Невдалеке от качалки росла молодая желтая черешня. Крупные ягоды янтарными бусами выглядывали из–под темно–зеленой листвы.

Семен некоторое время любовался ими, потом перевел взгляд на выглядывавшую из–за густой зелени камышовую крышу сарая. Возле его ног, на маленькой скамеечке, сидела Наталка. Ее черные глаза печально смотрели вдаль.

– Тимка, Тимка… – неслышно шептали ее губы. – Лучше убили бы тебя в бою с беляками. Я выплакала бы над тобой свое горе. Я омыла бы слезами кровь твоей раны. Я знала бы, кому мстить за твою смерть… А теперь, если тебя поймают, то застрелят, как собаку, и даже к трупу твоему не посмею я подойти…

Наталка вздрогнула: тяжелая ладонь брата легла на ее голову.

– Не горюй о нем, Наталка. Андрей для него вторым отцом был, а он со своим братом его… убить хотели.

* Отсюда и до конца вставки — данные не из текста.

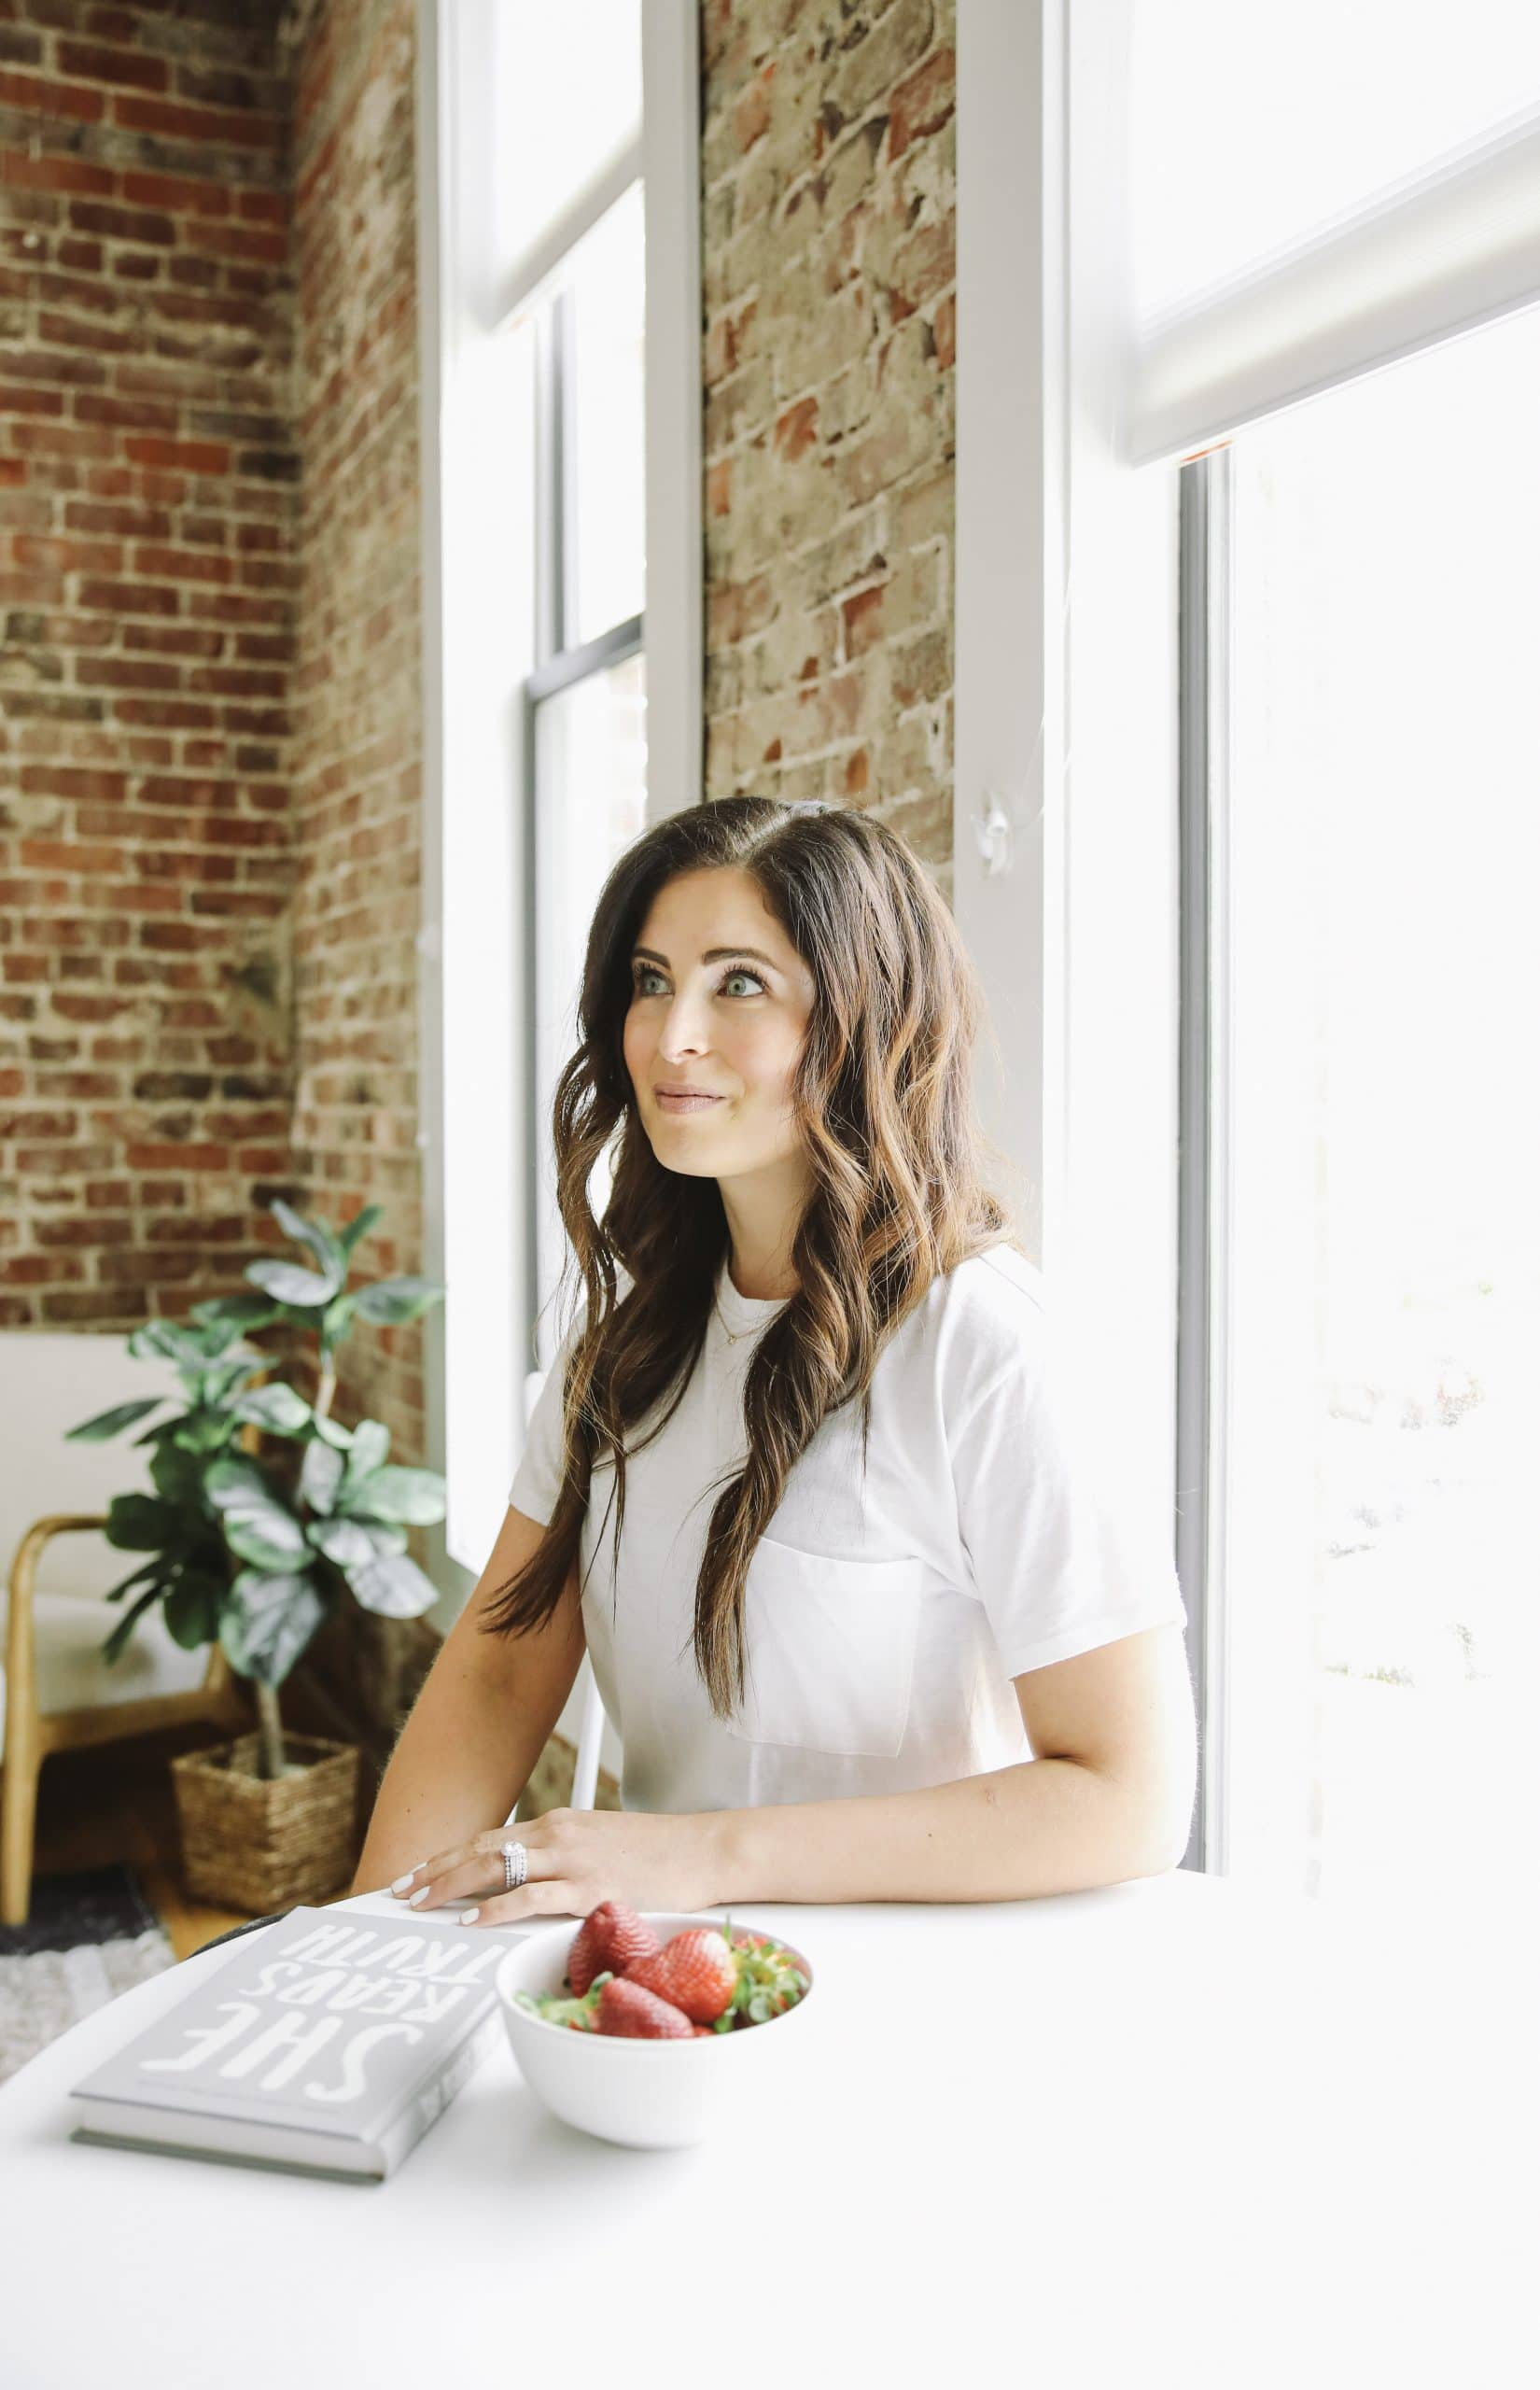 Image of Sarah Bridgeman
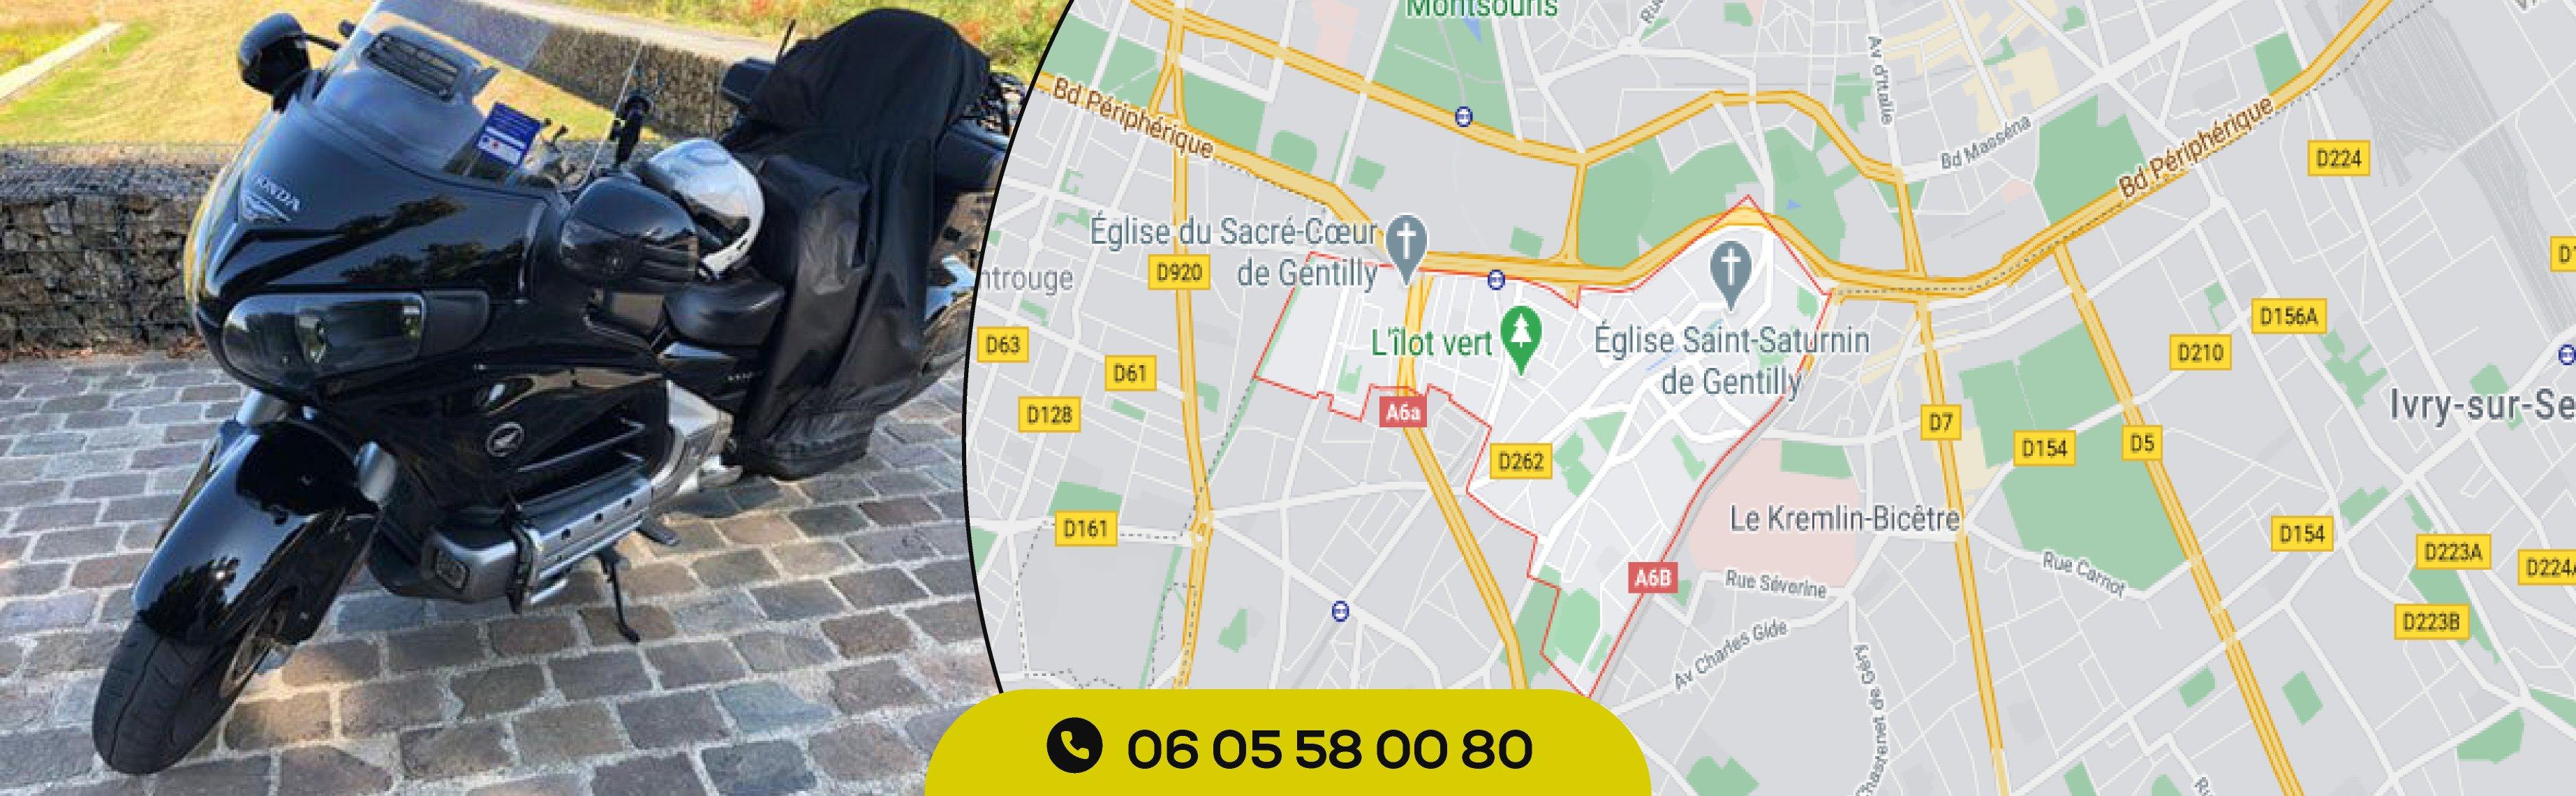 Taxi-moto-gentilly

Вдали, между деревьями, показалась высокая фигура Андрея. Он нес табурет и, поставив его напротив качалки, сел.

– Фу, жарко становится.

– Лето уже, Андрей.

– Да… Июнь скоро. Сейчас бюро было. Еду в Ростов.

– Один? – Да.

Андрей достал из кармана смятый листок бумаги, исписанный кудреватым, писарским почерком, и подал Хмелю…

– Прочти.

Хмель взял левой рукой листок и, не дочитав, скомкал.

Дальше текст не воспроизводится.